## Task details
Carry none of the pictures over; write out the complete data exactly.

## Stored data
Content starts

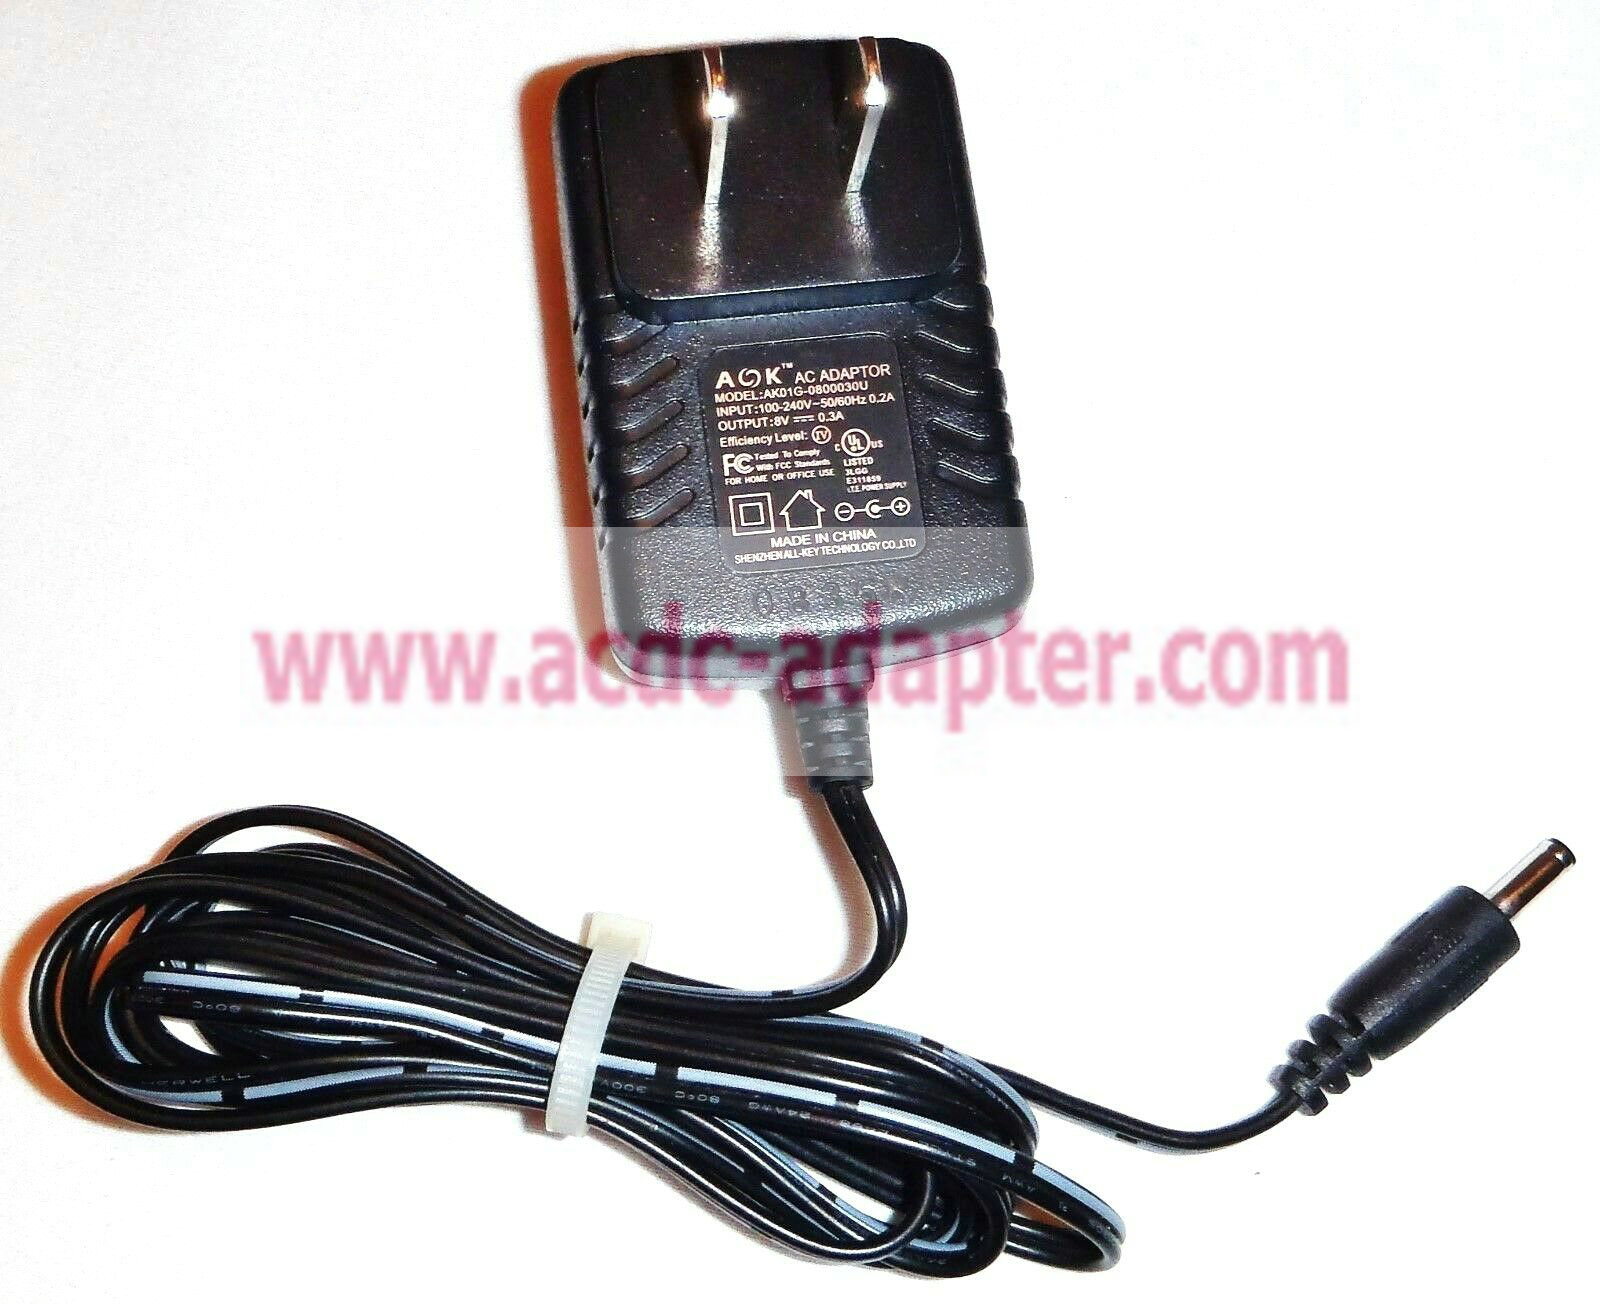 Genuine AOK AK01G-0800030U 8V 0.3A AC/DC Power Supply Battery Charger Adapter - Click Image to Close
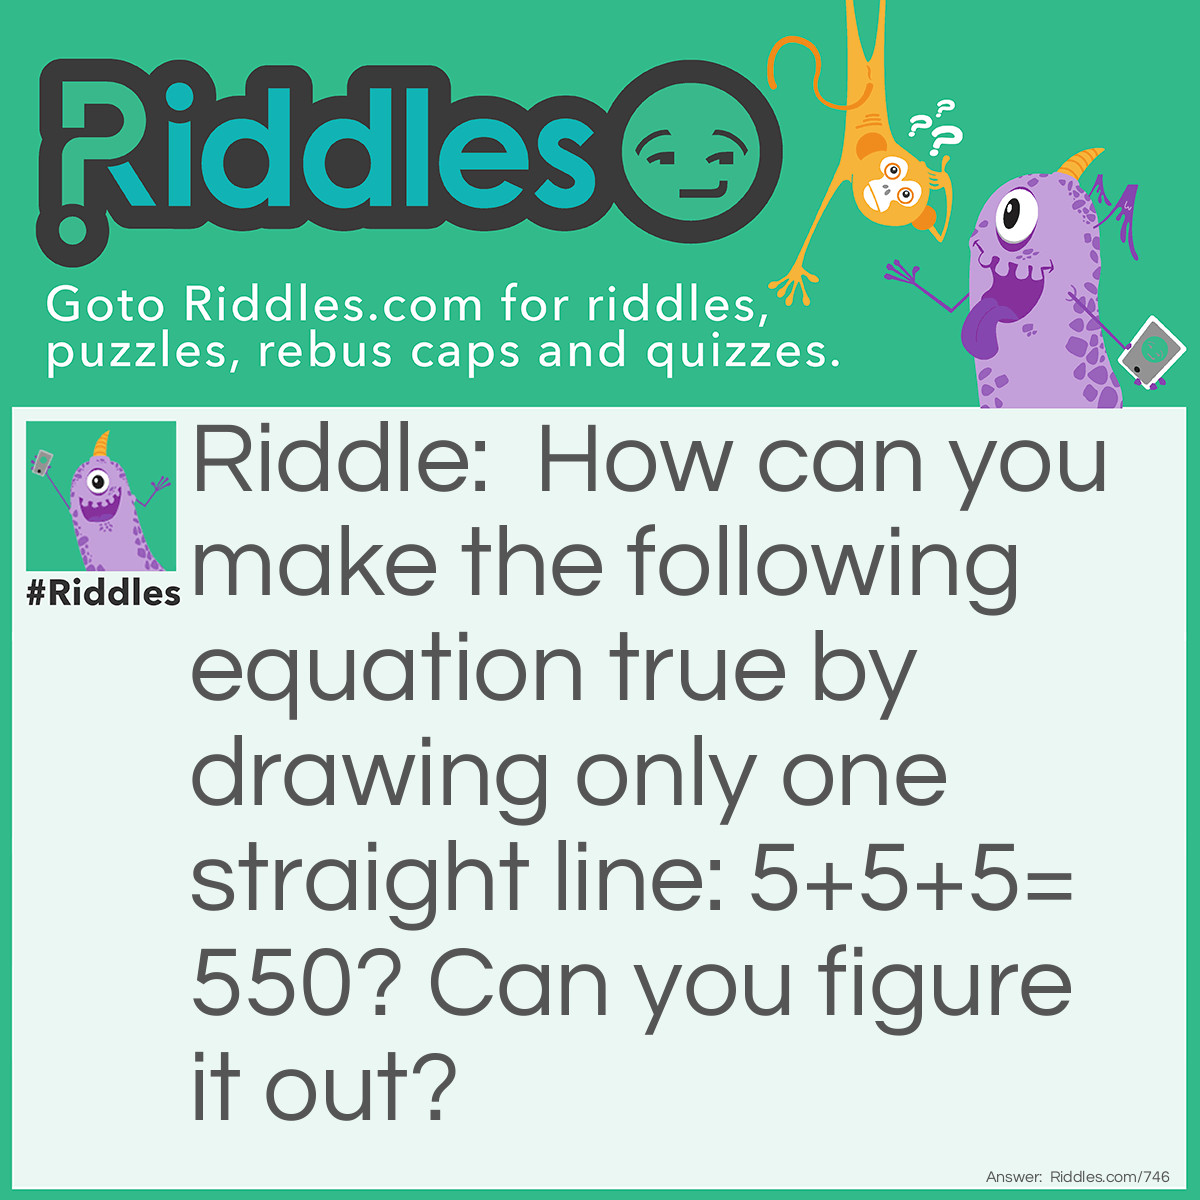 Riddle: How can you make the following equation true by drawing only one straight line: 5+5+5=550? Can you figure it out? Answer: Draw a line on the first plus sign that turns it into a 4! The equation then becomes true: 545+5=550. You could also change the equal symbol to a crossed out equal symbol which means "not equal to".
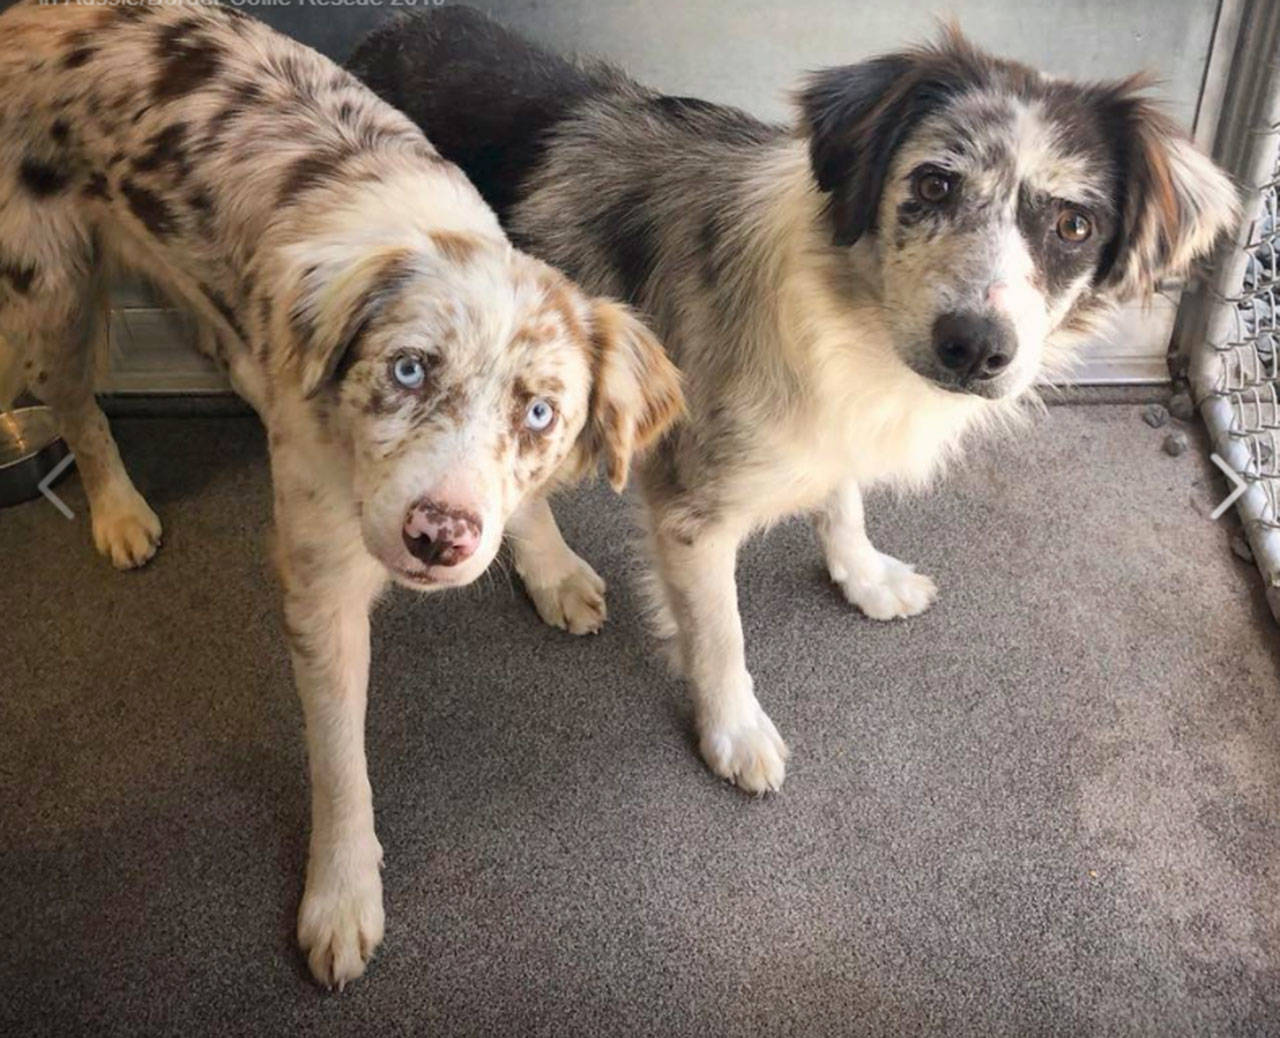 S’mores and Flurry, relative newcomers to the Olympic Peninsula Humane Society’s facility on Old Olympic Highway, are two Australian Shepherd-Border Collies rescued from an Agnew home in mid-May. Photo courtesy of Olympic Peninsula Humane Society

Content ends

## Exercise response
 Genuine AOK AK01G-0800030U 8V 0.3A AC/DC Power Supply Battery Charger Adapter - Click Image to Close
 Riddle: How can you make the following equation true by drawing only one straight line: 5+5+5=550? Can you figure it out? Answer: Draw a line on the first plus sign that turns it into a 4! The equation then becomes true: 545+5=550. You could also change the equal symbol to a crossed out equal symbol which means "not equal to".
 S’mores and Flurry, relative newcomers to the Olympic Peninsula Humane Society’s facility on Old Olympic Highway, are two Australian Shepherd-Border Collies rescued from an Agnew home in mid-May. Photo courtesy of Olympic Peninsula Humane Society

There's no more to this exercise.